Community Listening Sessions

From NYC H2O:


Ridgewood Reservoir
Community Meetings
Tuesday May 23 @ 7pm: PS 68, 5909 St Felix Ave, Glendale
Thursday June 1 @ 7pm: North Brooklyn YMCA, 570 Jamaica Ave, Brooklyn

Join us for a community listening session to envision an exciting new future for Highland Park's historic Ridgewood Reservoir. NYC H2O and its collaborating organizations are actively seeking input from community members to discuss future possibilities as well as address present challenges around the Reservoir.

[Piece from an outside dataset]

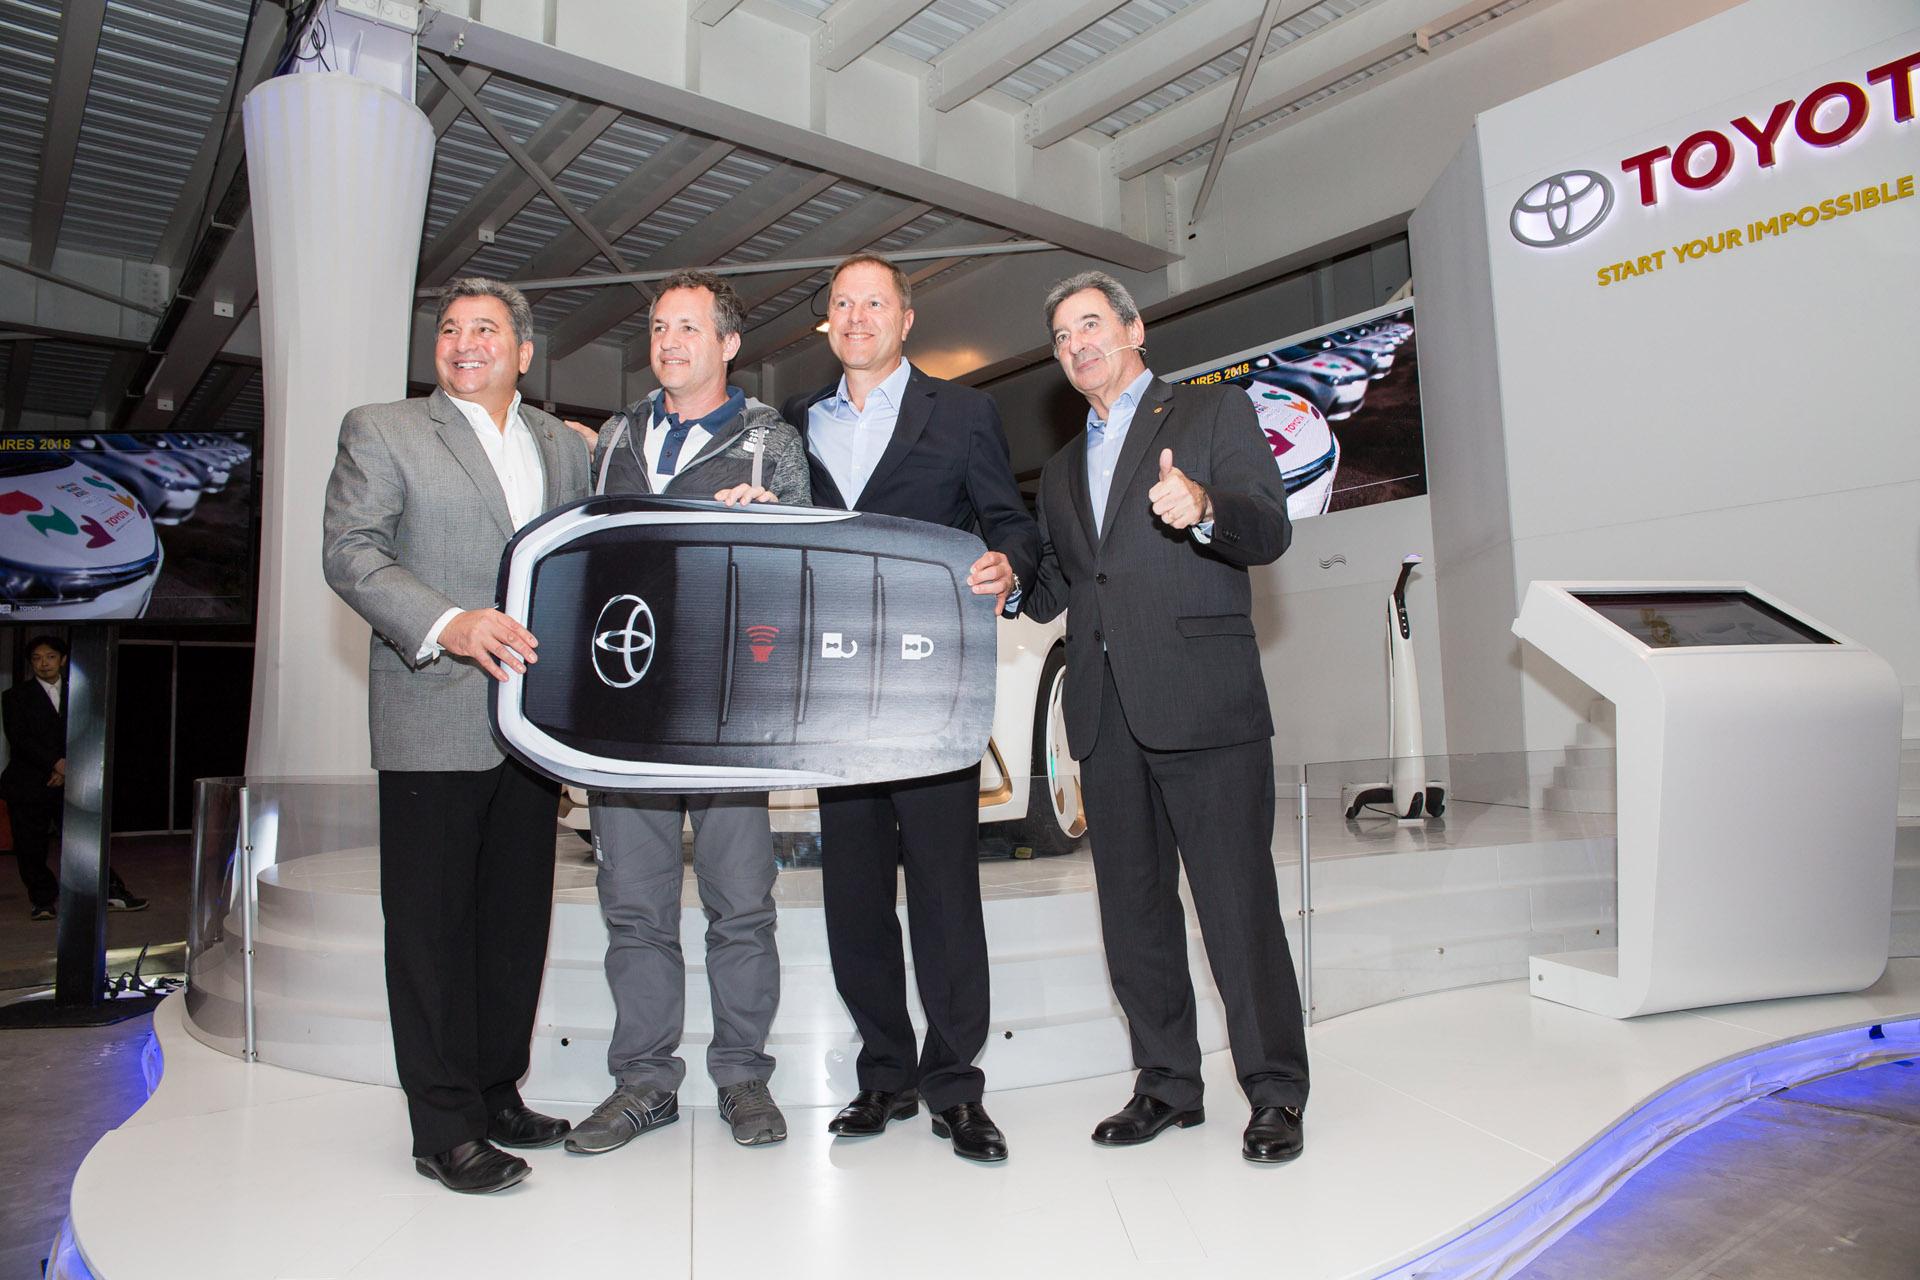 Toyota socio de movilidad oficial de los Juegos Olimpicos de la Juventud, Buenos Aires 2018 .

NYC Parks has worked with the New York State Department of Environmental Conservation (DEC) to reclassify the Ridgewood Reservoir to Class A "Low Hazard," a new designation that allows it to be preserved as a natural and cultural treasure for the community.

These meetings are being organized by NYC H2O with the following community organizations: Cypress Hills Local Development Corporation; East New York Farms; North Brooklyn YMCA; Highland Park Ridgewood Reservoir Association; Community Board 5 Queens and Community Board 5 Brooklyn; 75th and 104th Precincts; Queens Borough President’s Office; Brooklyn Borough President's Office; Brooklyn Bird Club; Queens County Bird Club; NYC Audubon, along with New York City Department of Parks and Recreation, and the New York State Department of Environmental Conservation.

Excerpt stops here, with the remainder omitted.